DATASET SECTION —
################

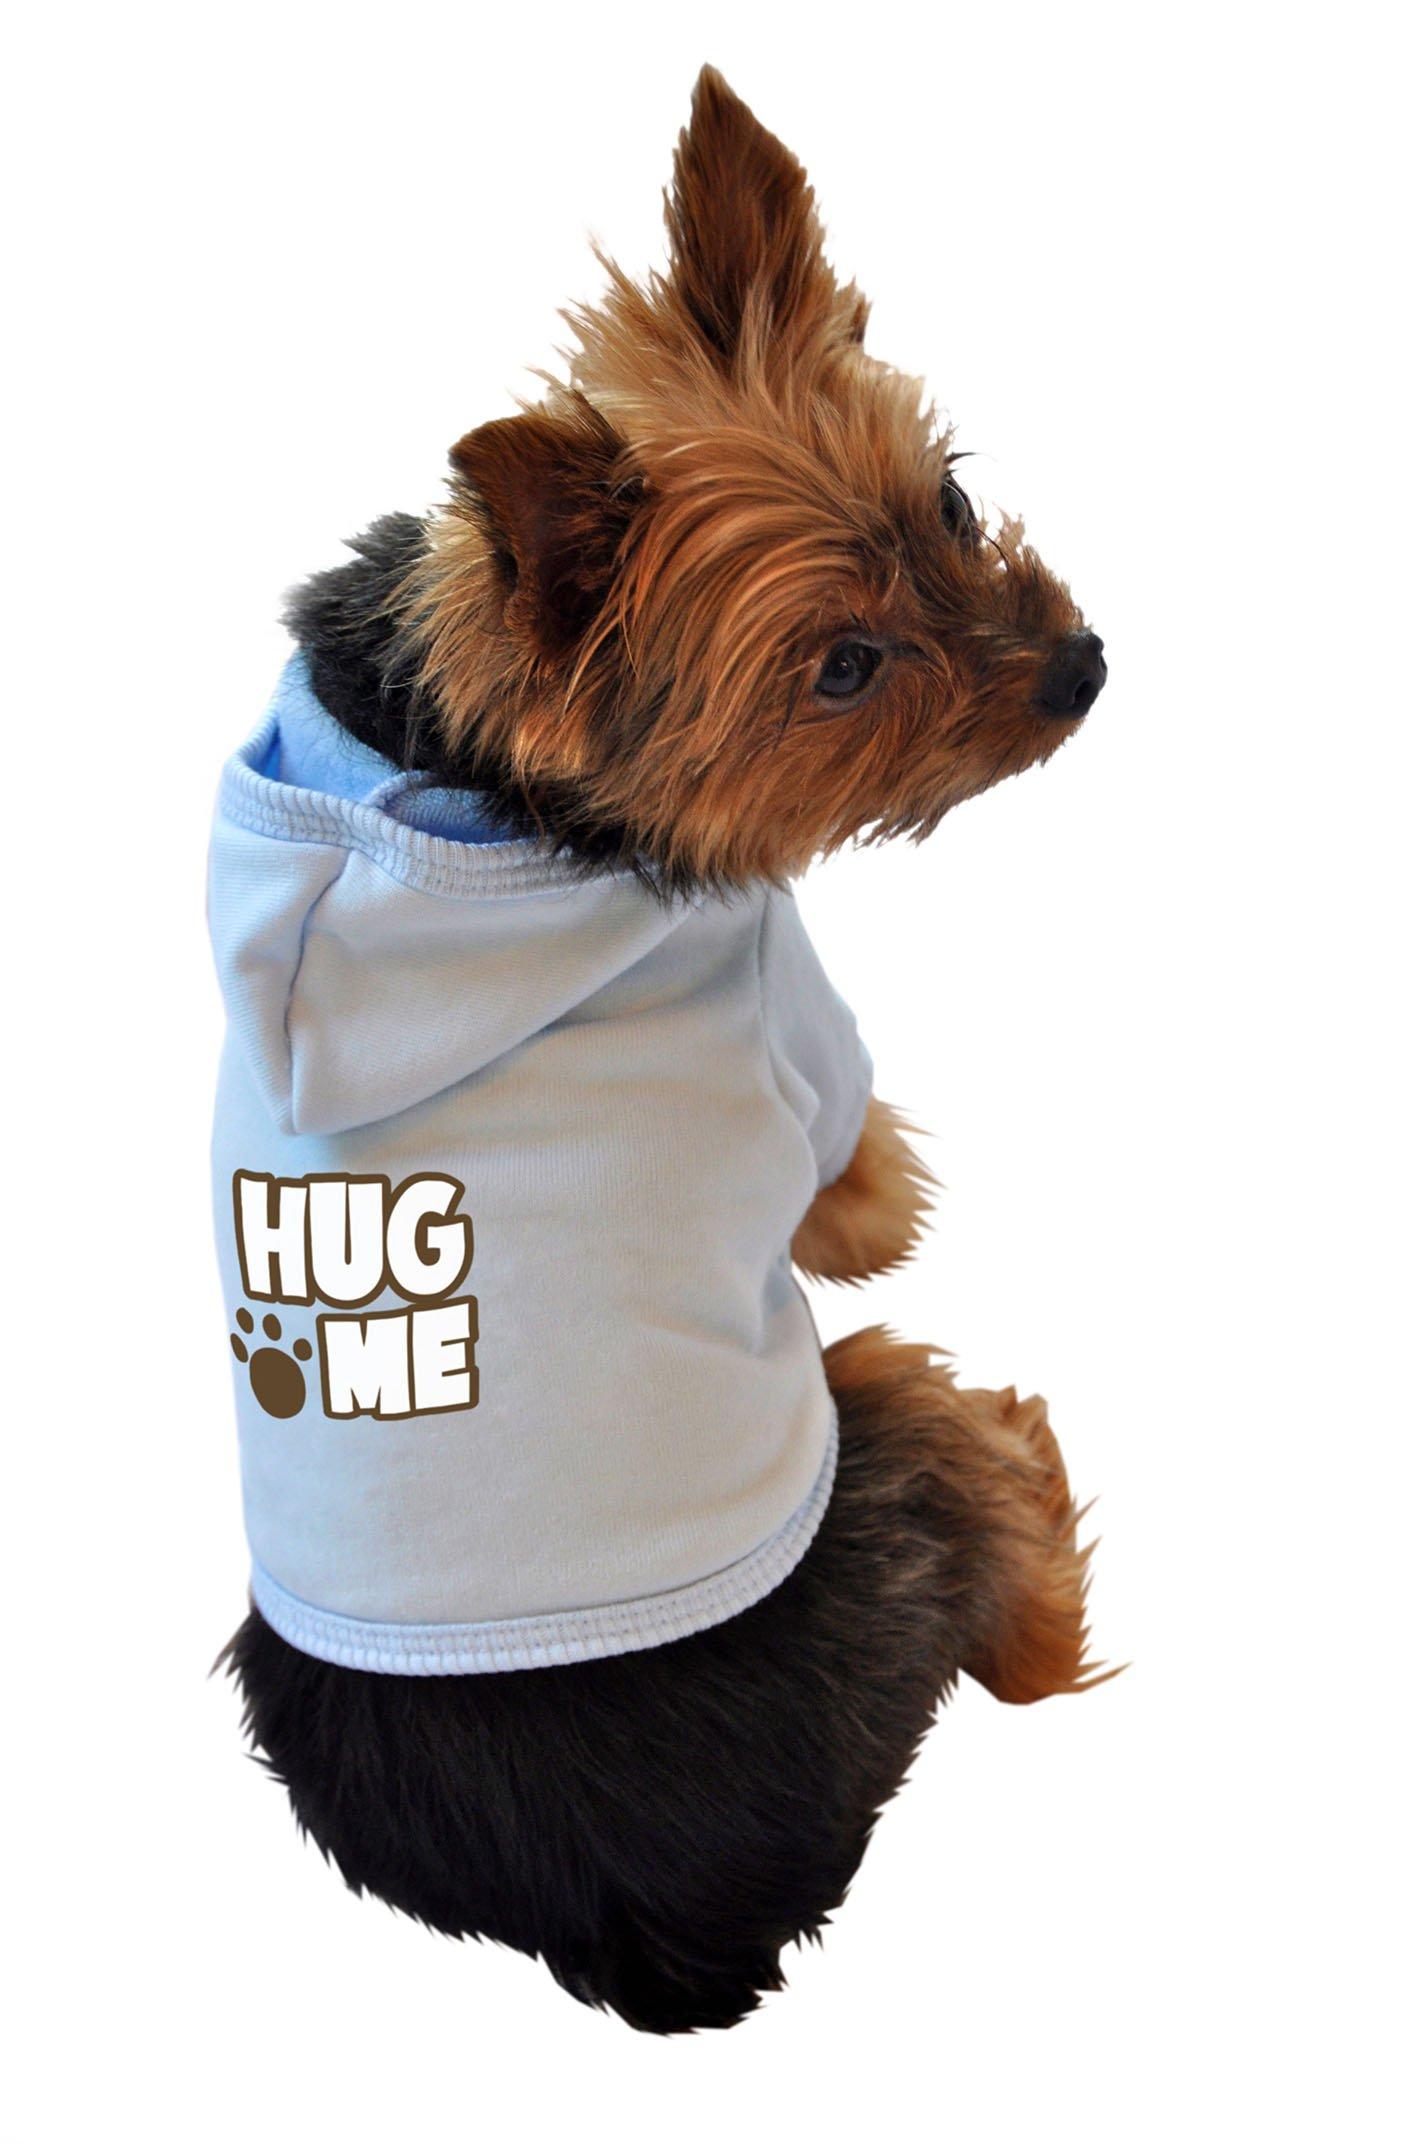 Ruff Ruff and Meow Dog Hoodie, Hug Me, Blue, Medium by Ruff Ruff and Meow
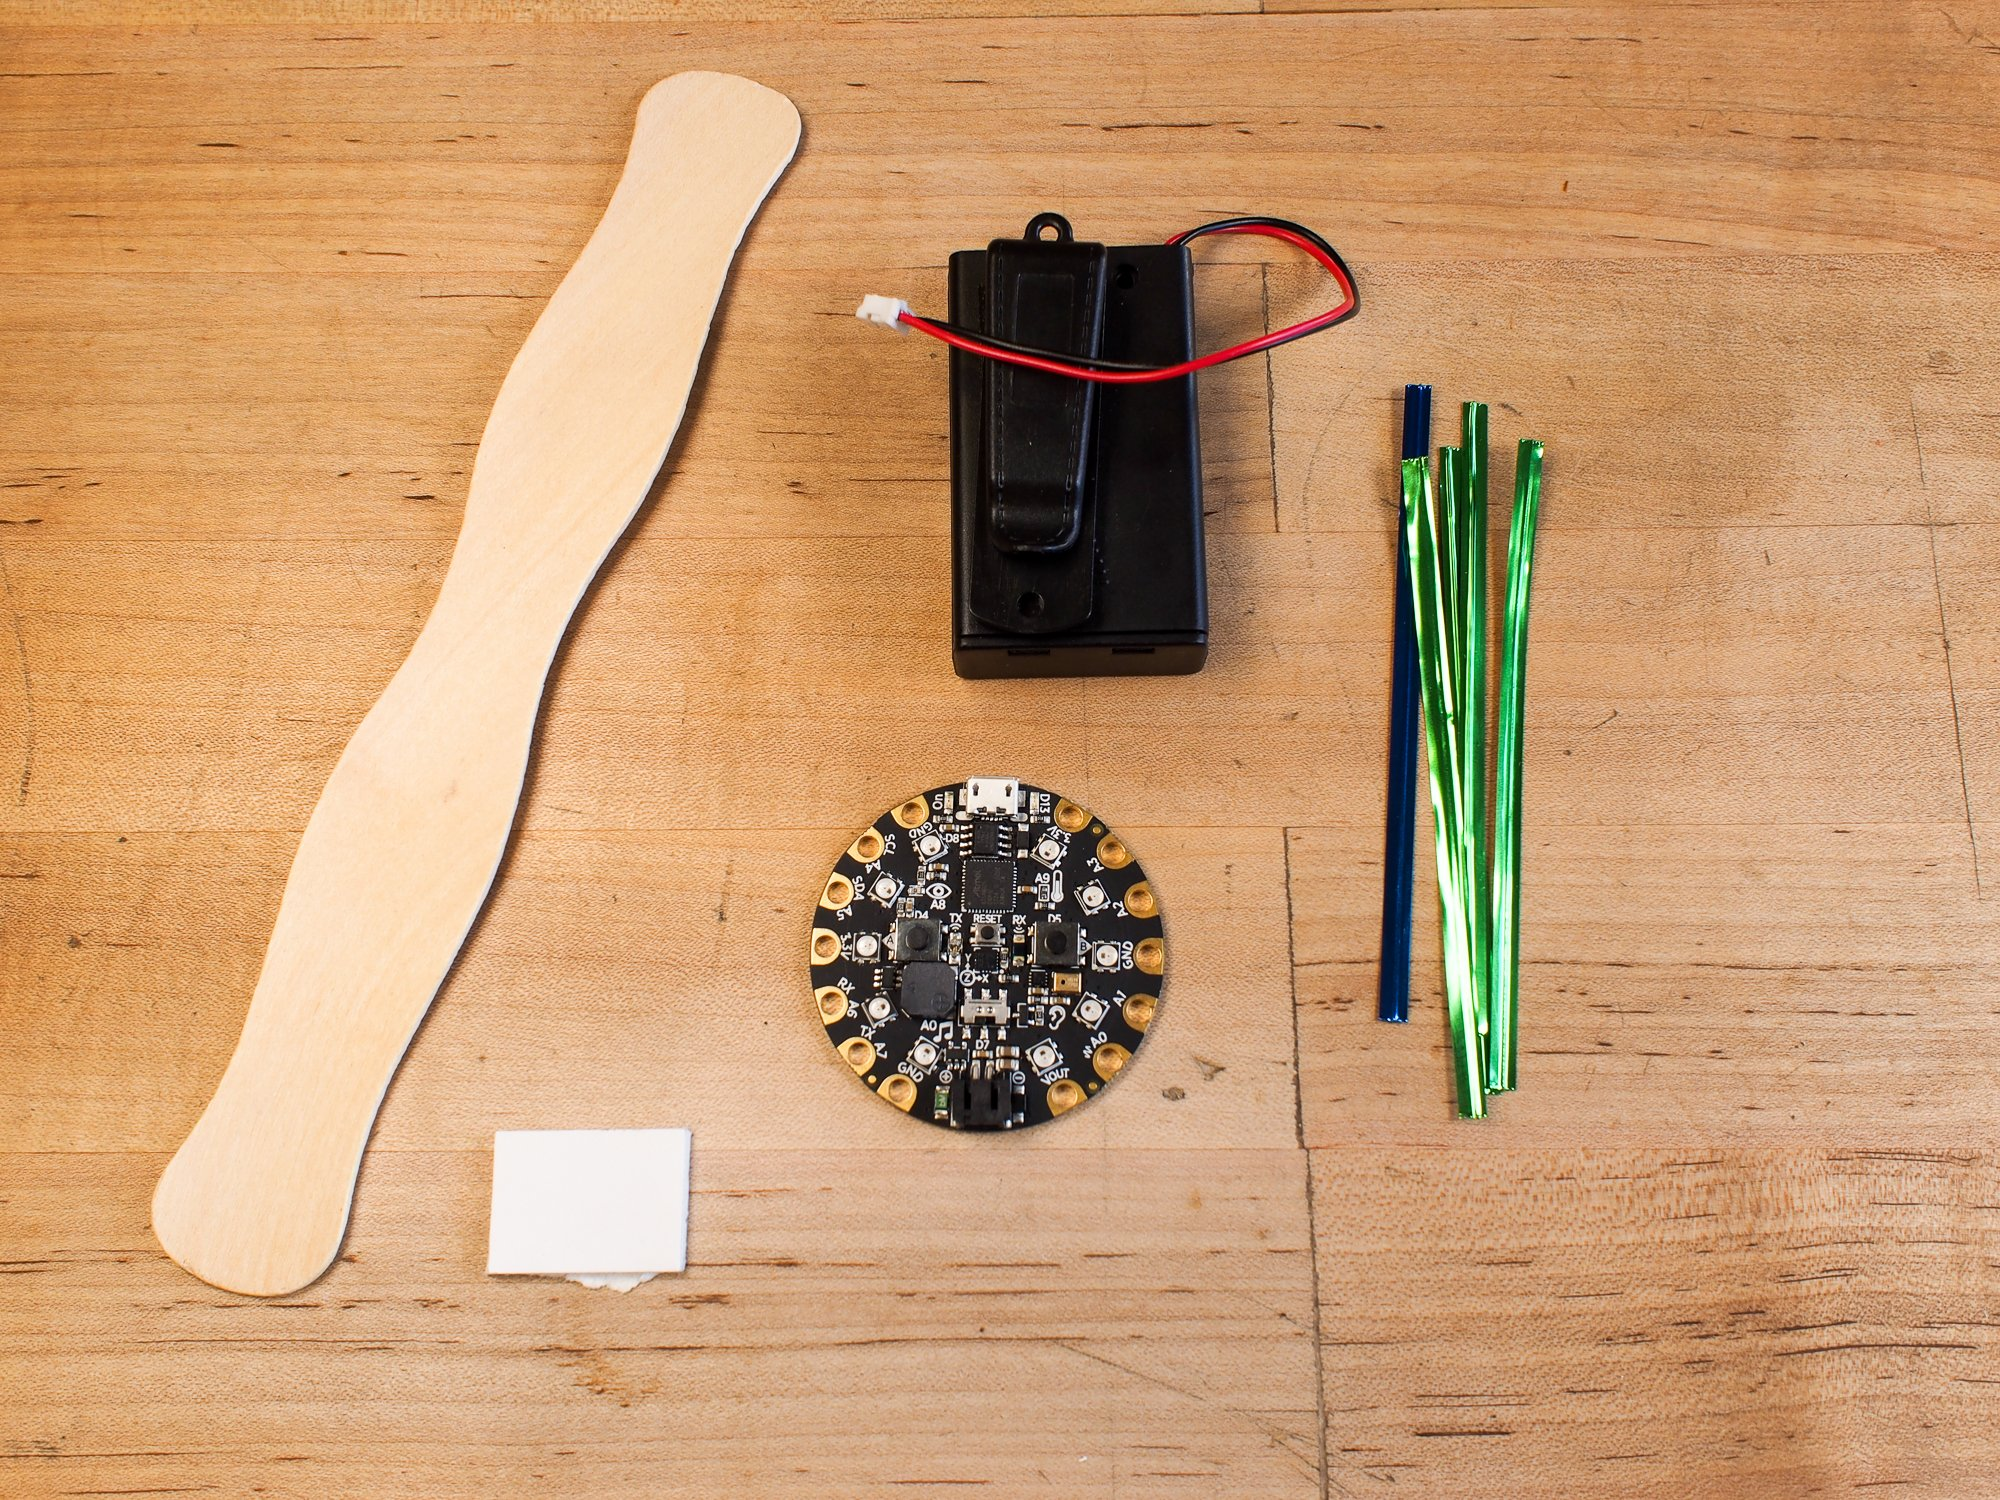 circuitpython_PC110651_2k.jpg
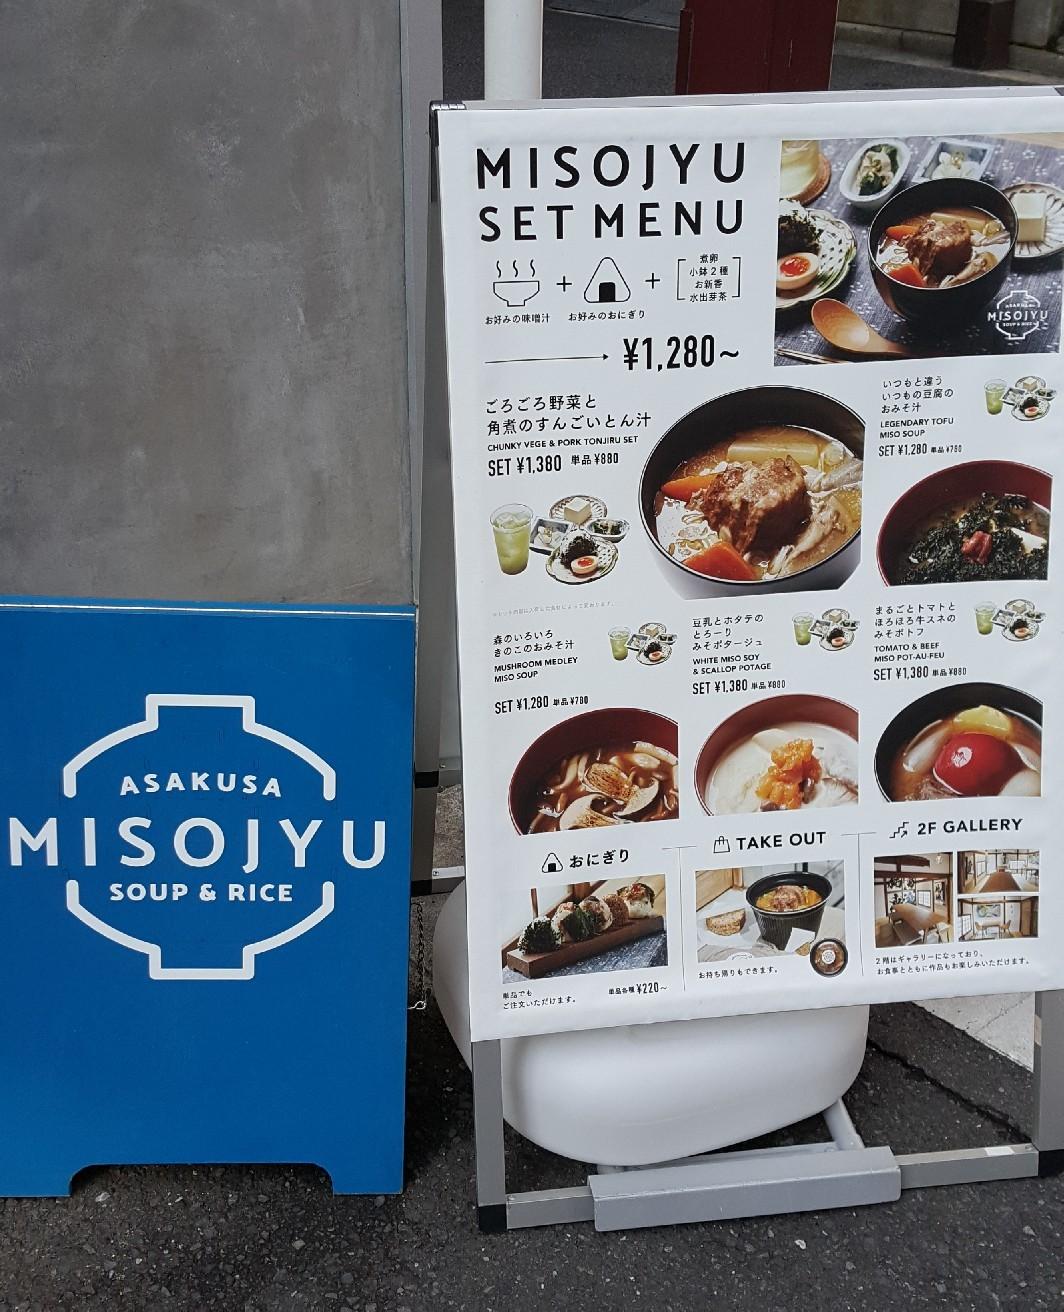 浅草 お味噌汁専門店「MISOJYU」_a0187658_19213822.jpg
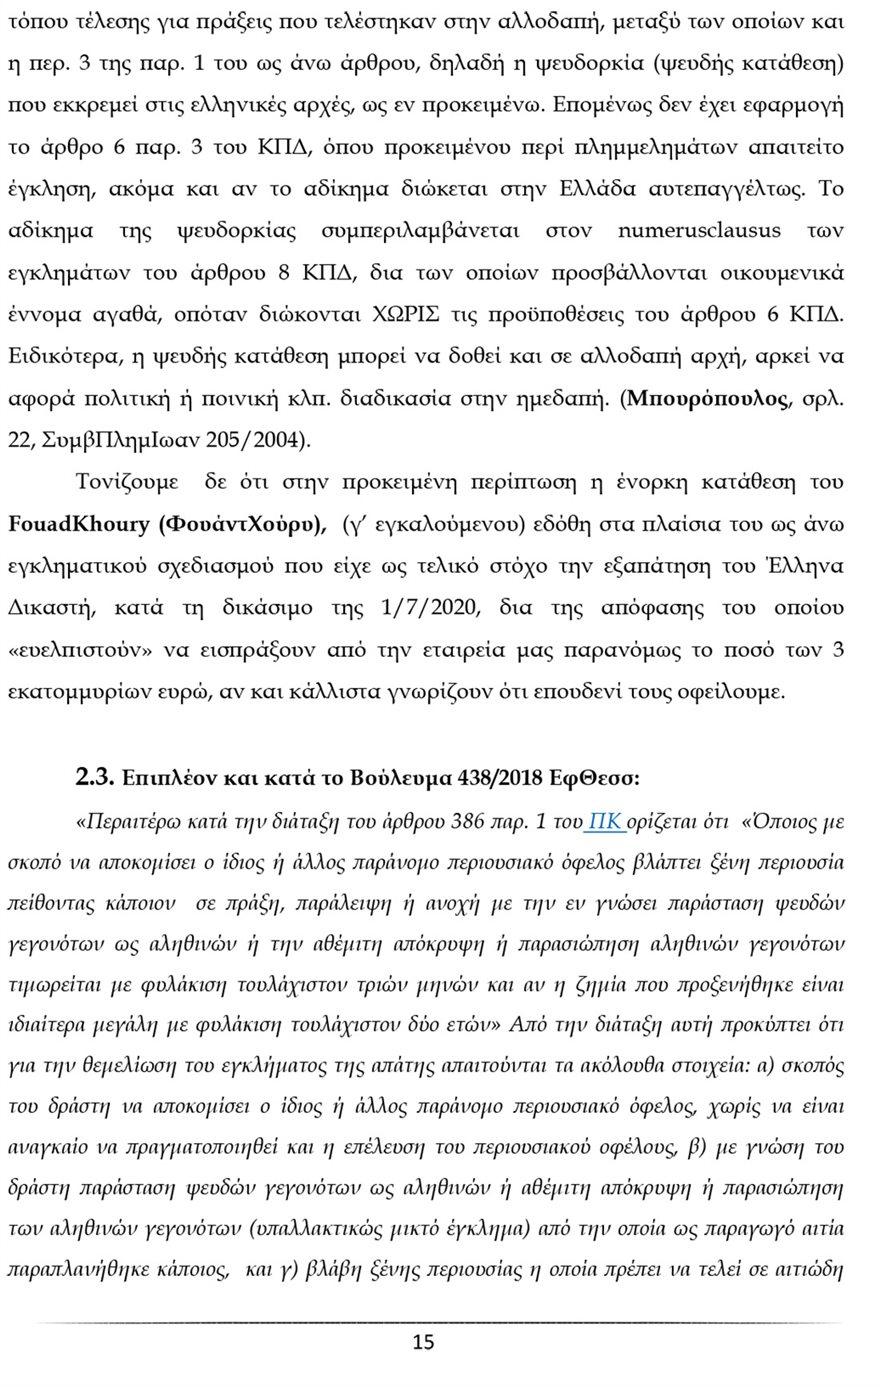 ypomnima-15

################

INSTRUCTIONS FOR THE TASK —
Once the pictures are set aside, output all of the data above verbatim.

THE COMPLETED TASK —
 Ruff Ruff and Meow Dog Hoodie, Hug Me, Blue, Medium by Ruff Ruff and Meow
 circuitpython_PC110651_2k.jpg
 浅草 お味噌汁専門店「MISOJYU」_a0187658_19213822.jpg
 ypomnima-15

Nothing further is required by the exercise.